Effect of Molecular Architecture on Polyurethane Coatings

Abstract

The physical, tensile and dynamic mechanical properties of segmented thermoplastic Polyurethane (PU) coatings, especially those with amorphous region, fundamentally depend on the properties of the Chain Extension Diols (CXD's). This research aimed to analyse and identify the best possible CXD's to react with Isophorone Diisocyanate (IPDI) to achieve optimum properties for a specific application. Ten common CXD's used by industry are Diethyleneglycol (DEG), Triethyleneglycol (TEG), 1,5-Pentanediol (PTD), 1,3-Propanediol (PPD), 1,4-Butanediol (BTD), 1,6-Hexanediol (HD), Butylethylpropanediol (BEPD), 2,2,4- Trimethyl-1,3-Pentanediol (TMPD), Propylene glycol (PG), and Neopentylglycol (NPG). These are used to create the hard segments of prepolymers and Polypropylene Glycol (PPG) of molecular weight 1000 or 480 is used to control the soft segment content.
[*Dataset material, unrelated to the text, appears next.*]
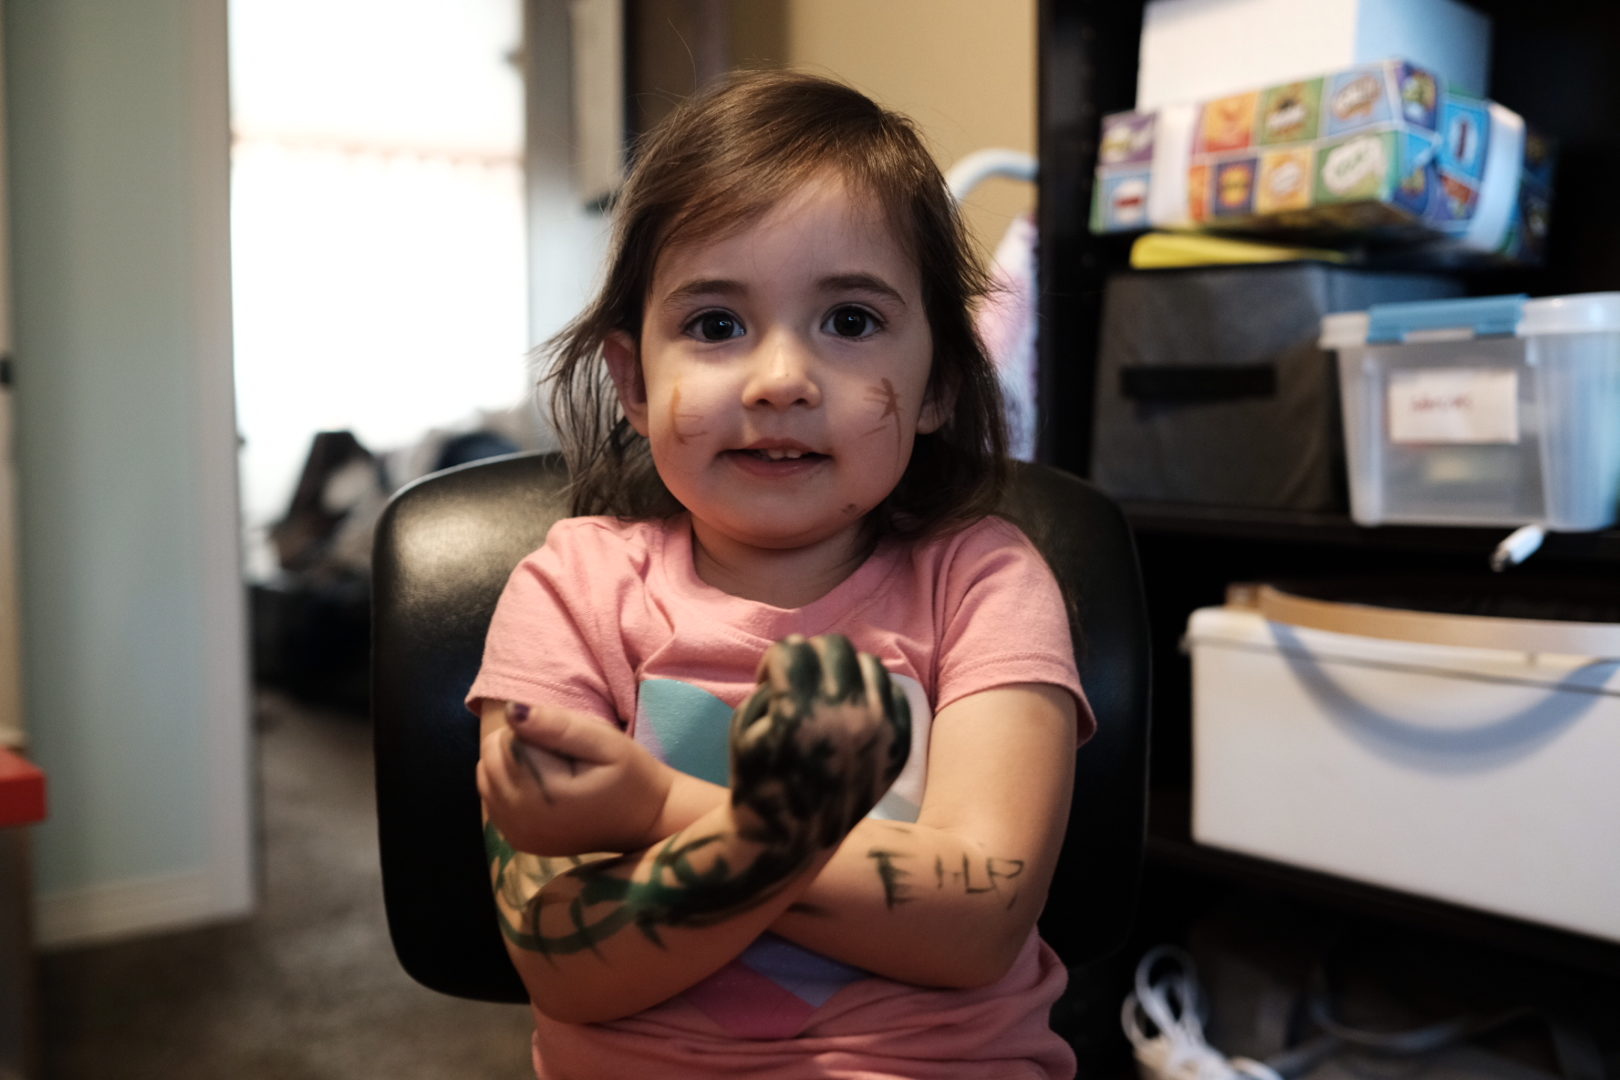 Elle folds her arms that are covered in marker scratches and looks at the camera for me.

In this study soft segment content (SSC) of 45% and 55% by weight, average molecular weight between consecutive crosslinks (XLD) of 1500 and 2500, and NCO/OH ratios (NOR) of 1.6 & 1.4 were adopted for each pre-polymer. All possible permutations of these parameters were taken into consideration for every CXD. Free films of a three-layer coating of each PU were prepared in accordance with ASTM D823. Specimens were cut from cured films using a dog-bone cutter mounted on a mechanical press and analysed for thermal properties by Dynamic Mechanical Thermal Analysis (DMTA). Glass Transition Temperature (Tg) of polymers varied from 400C to 810C. Strength properties were measured using a Tensile Tester (Instron 5567). CXD is the foremost contributor to variation in properties. While SSC has significant influence over the modulus, the viscosity of prepolymers and cured film Tg were largely dependent on NOR, while XLD was the key factor in determining the tensile strength at break.